What you have to do:
The expected result is an exact restatement of the data, free of pictures.

The data:
━━━

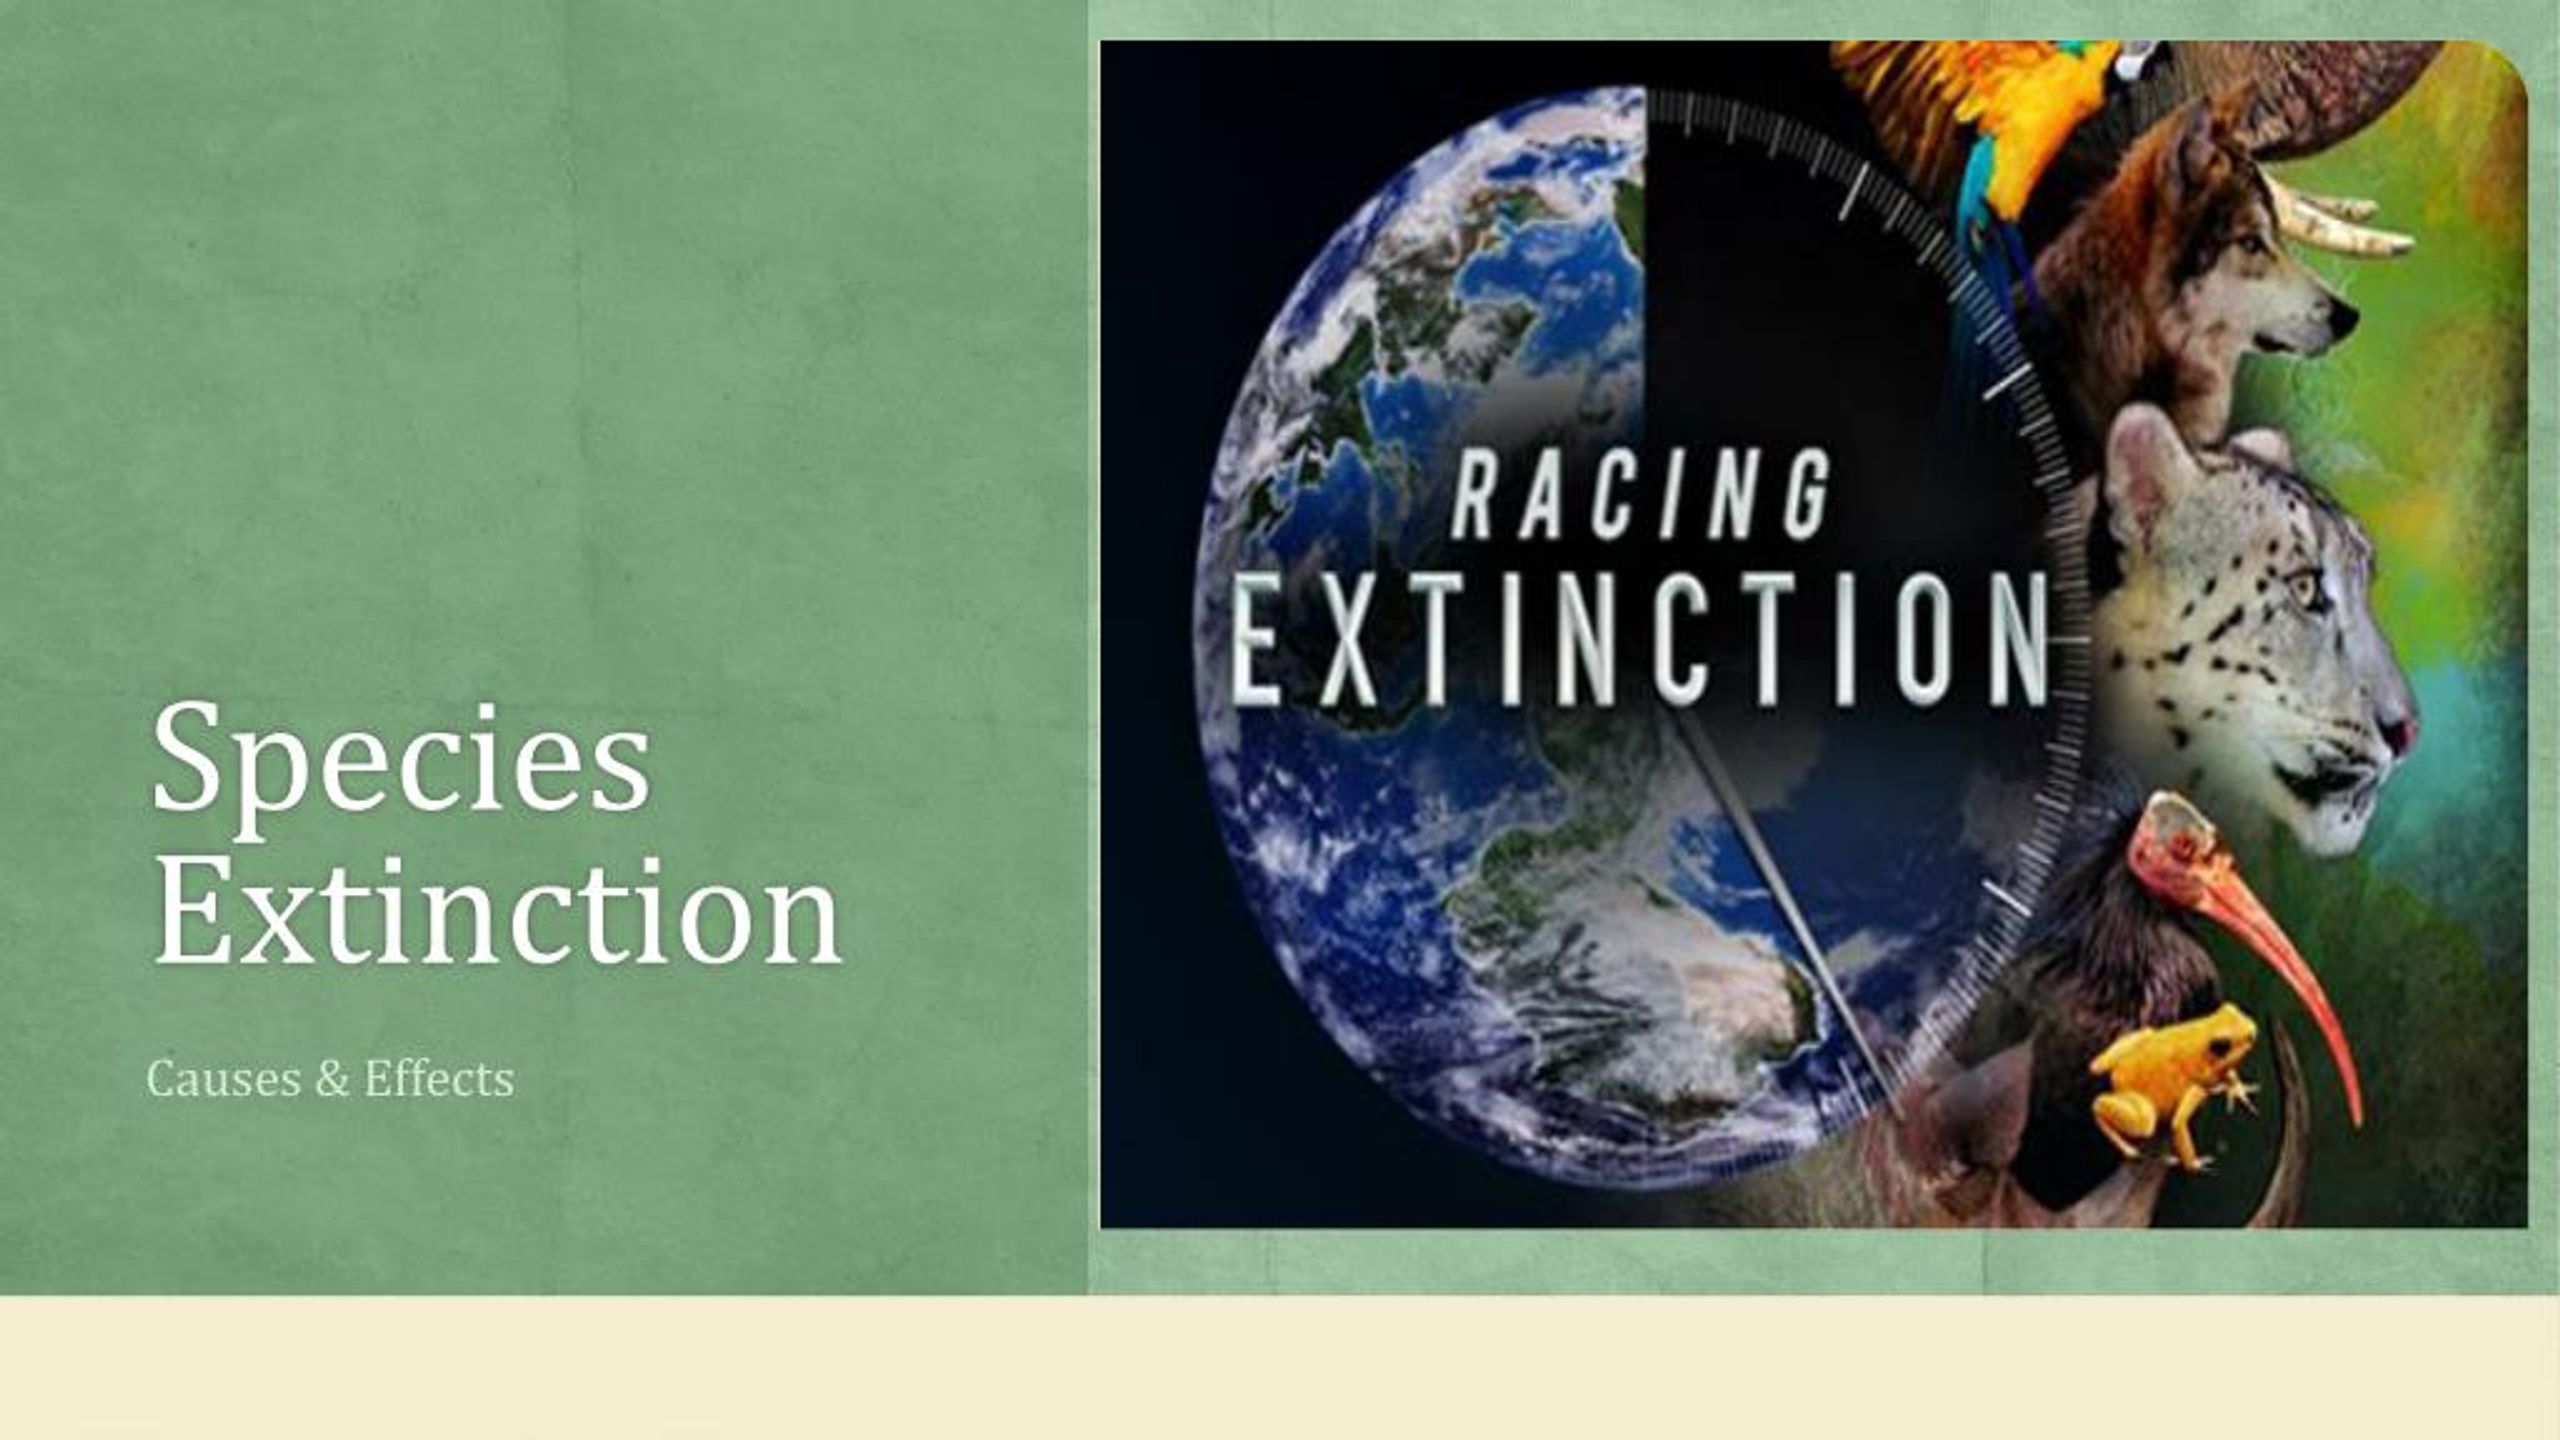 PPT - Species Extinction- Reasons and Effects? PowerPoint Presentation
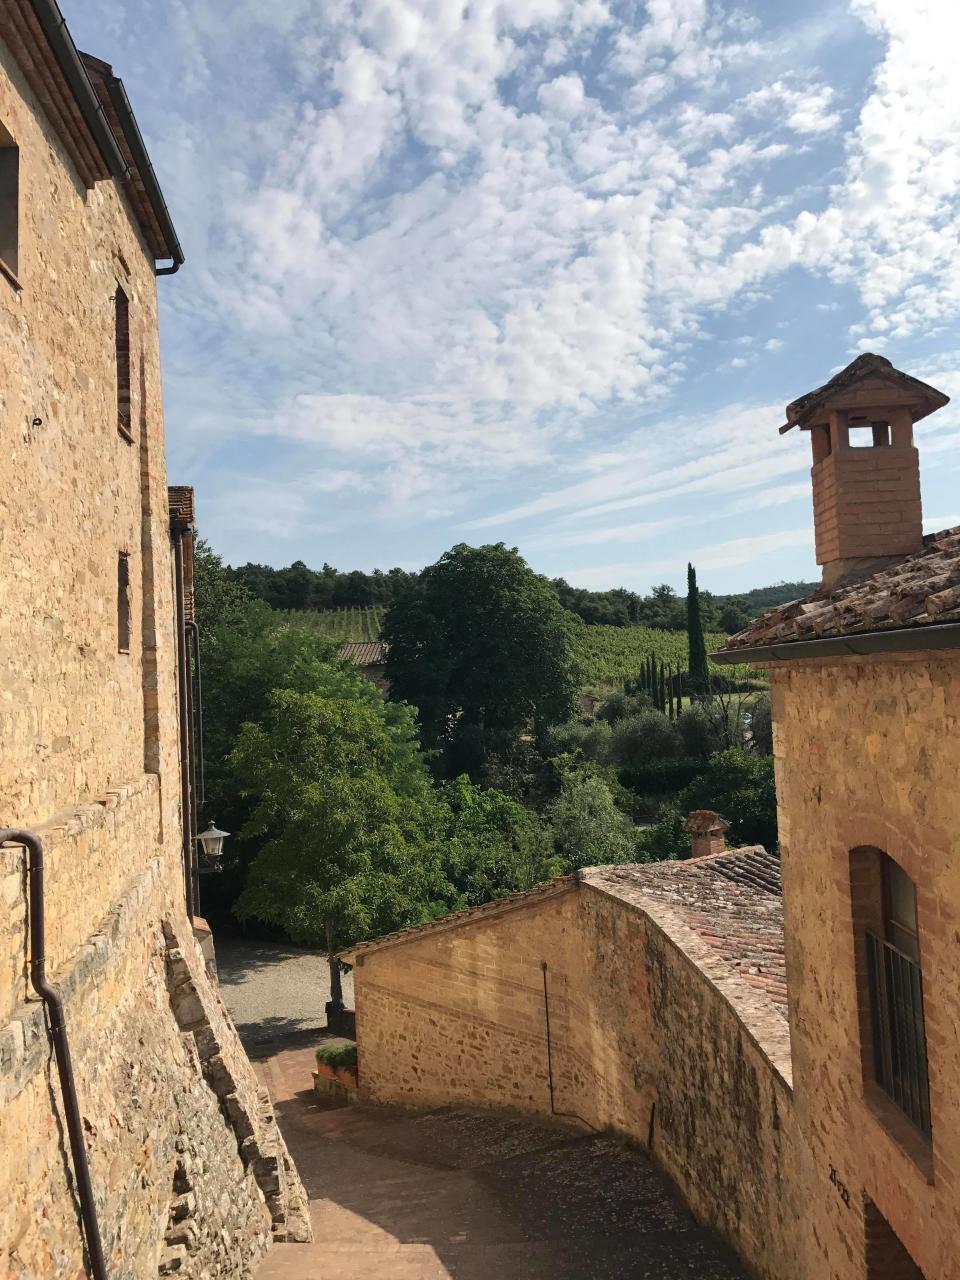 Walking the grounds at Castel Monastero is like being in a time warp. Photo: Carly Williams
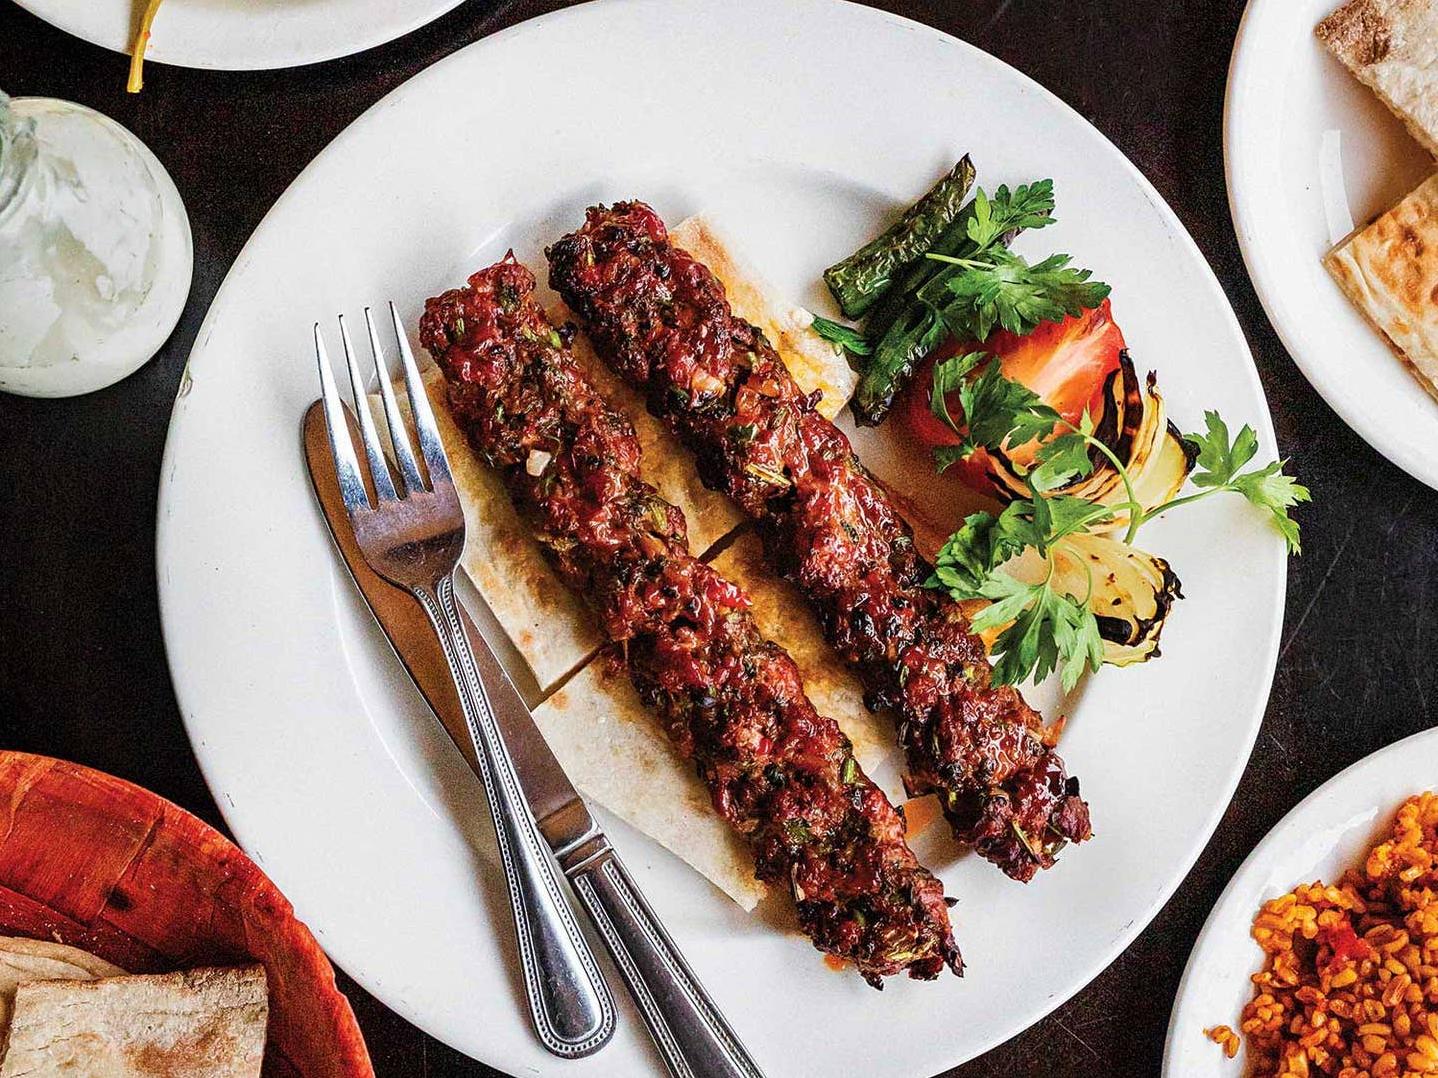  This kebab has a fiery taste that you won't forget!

━━━

Worked solution:
 PPT - Species Extinction- Reasons and Effects? PowerPoint Presentation
 Walking the grounds at Castel Monastero is like being in a time warp. Photo: Carly Williams
  This kebab has a fiery taste that you won't forget!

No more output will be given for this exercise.